As we get to know Eleanor throughout the first season, we learn her everyday behavior on earth was as cartoonishly awful as it could be without slipping into villainy. While alive she worked as a telemarketer selling placebos to gullible seniors, and in the afterlife, her idea of pure joy was witnessing people vomiting on roller coasters. But she is capable of improving, and her vulnerability makes her a sympathetic hero.
As a viewer, I relate to the underlying motives of all of her selfish actions. I have not made a weekly habit of shirking my duties as a designated driver as Eleanor has, but I understand the impulse. And when she does become a better friend and person, she shows us that trying matters. Working at being good in a world that feels bad is worth something, even when it does not feel like it.
The show also emphasizes the idea that individuals have a duty to assist one another (reductive takeaway of the previously mentioned What We Owe To Each Other), but there are, of course, limits to this idea of constantly trying to do good for others’ sake. Chidi seeks perfection, immobilizing him from making any real choices and making his intentions null. Another character, Doug Forcett (Michael McKean), does everything “right” according to the afterlife point system, but his life has no purpose, no bonds that make living meaningful, and that make good worth doing.
Everything in the universe that seems like it should be black and white is actually a spectrum of gray. An understanding of what constitutes “good actions” may not actually be the best thing for you or the people you know. The only real solution is trying, and that is never futile, though it can be and often humorous. In a way, it makes perfect sense that a show about living an ethical life is a comedy. The world is absurd and living is absurd, and sometimes you must laugh at all the challenging incongruities the universe keeps throwing at us.
It’s easy to see how these ideas apply to the current situation. In this global pandemic, I ponder the moral implications of the smallest day-to-day choices — grocery shopping, ordering dinner, taking a walk in the park. I continually find myself thinking about how these choices could create different paths, have unintended consequences down the line. It’s not exactly a revelation to say our actions have consequences and affect others, but, for the most part, people don’t get to know the ultimate impact of their actions. But right now I can turn on the news and see the direct impact of individuals’ choices on a community.
Likewise, the world that is created in the show focuses on the potential scope of an individual's actions, although it does so in a colorful and humorous way.
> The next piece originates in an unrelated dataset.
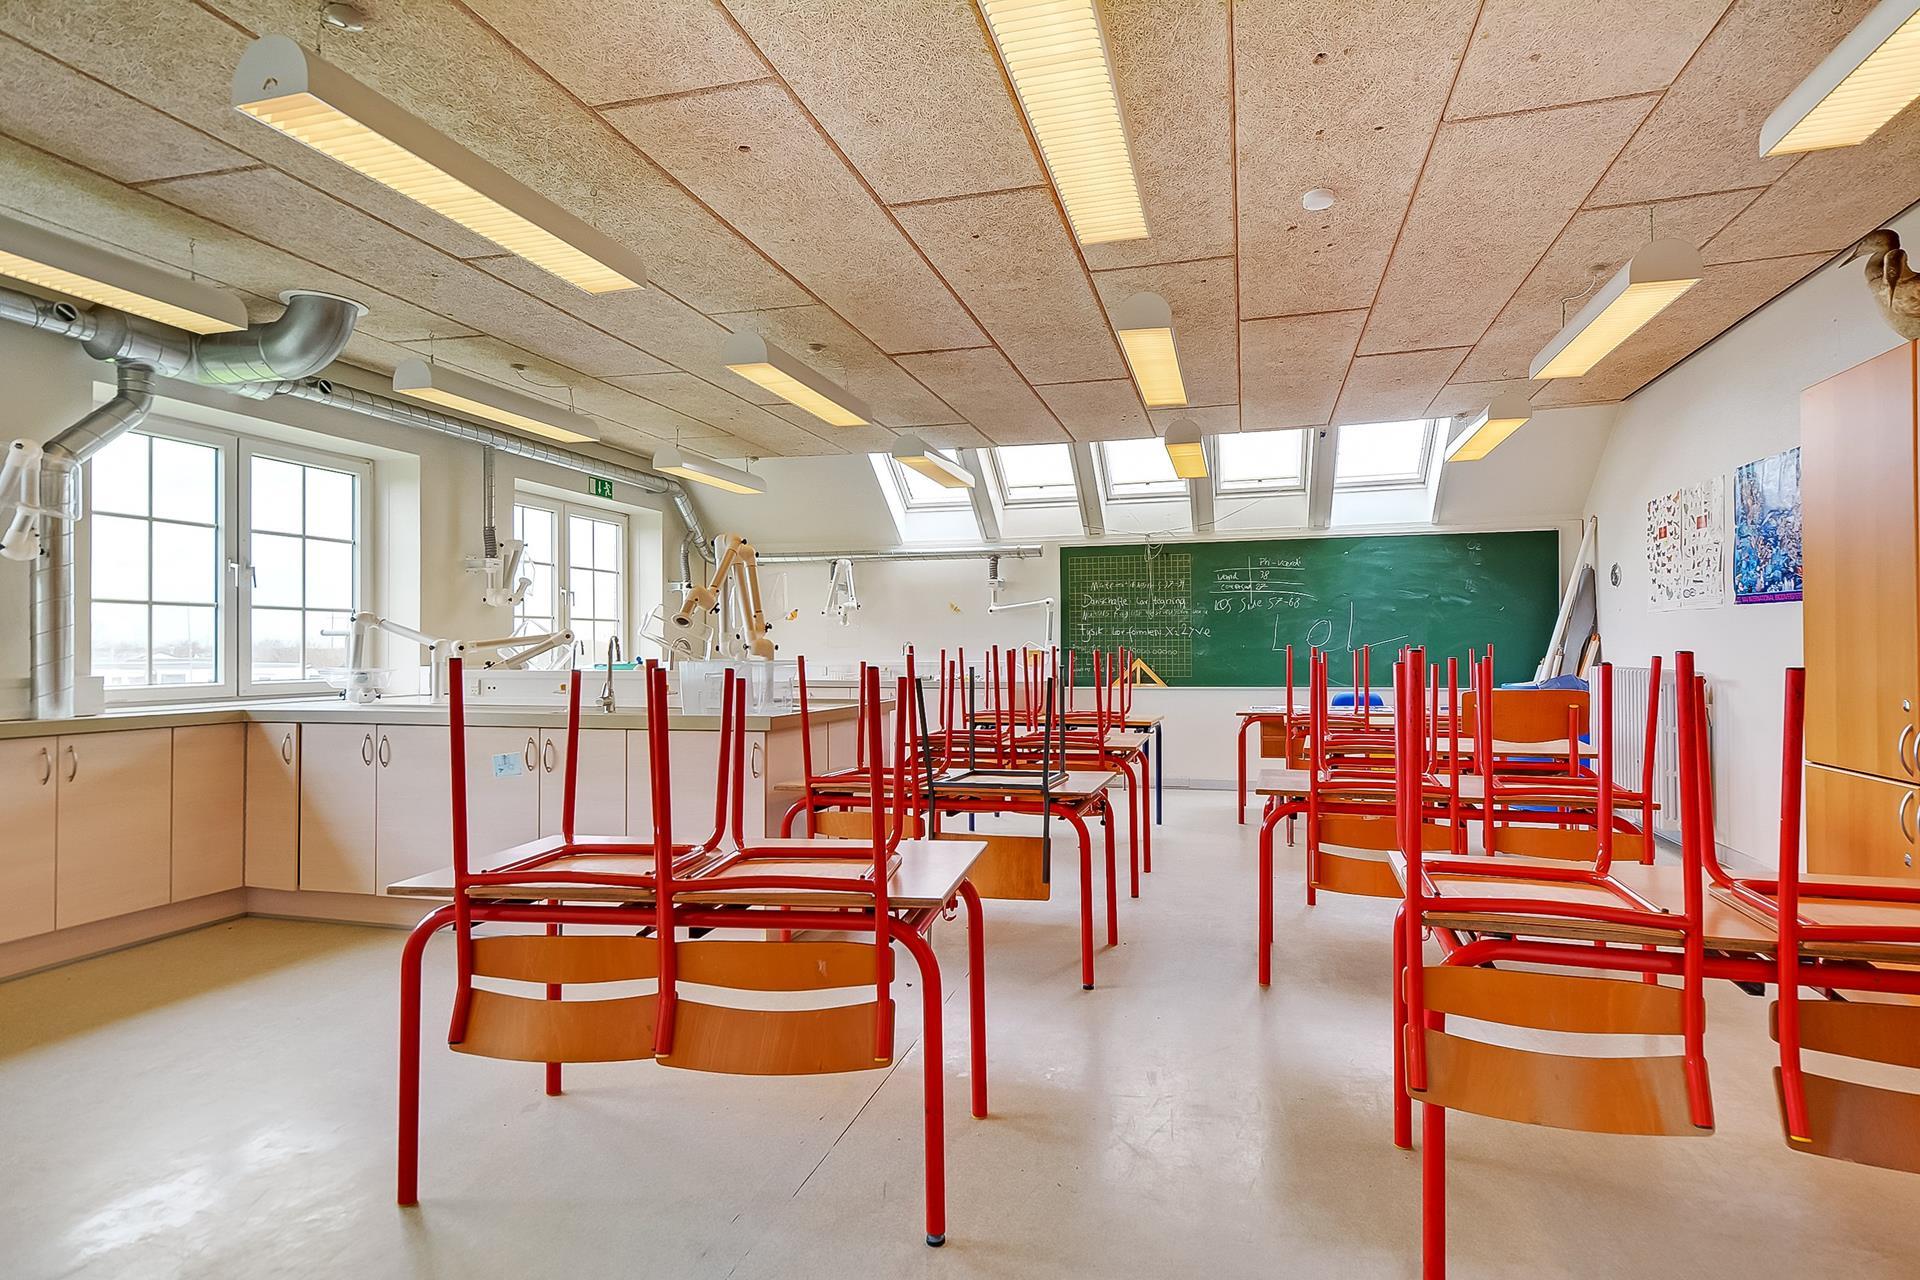 Bolig/erhverv på Skolevej i Skærbæk - Andet

It also emphasizes that people need each other to live good lives, a point made clearer in 2020 by weeks spent in isolation and the dependency on strangers to wear masks and stay home when sick and/or exposed.
I’ve watched other TV in lockdown, but I keep coming back to The Good Place. It is great entertainment packed with elaborate plotlines and subtle background jokes that rewards rewatches. More than that, its weird optimism insists that people can be good to each other and that it’s okay to rely on one another. It’s been the most effective watching for combating the existential and personal dread of living through a pandemic.
I don’t know what’s going to happen next with the pandemic — I don’t know the next time I’ll see my parents or if I’ll get to have the wedding I’d planned or even if the people I love are safe. But even with this not-knowing and my impatience for life to change, I’m still going to keep trying to do the right thing for my community and for strangers.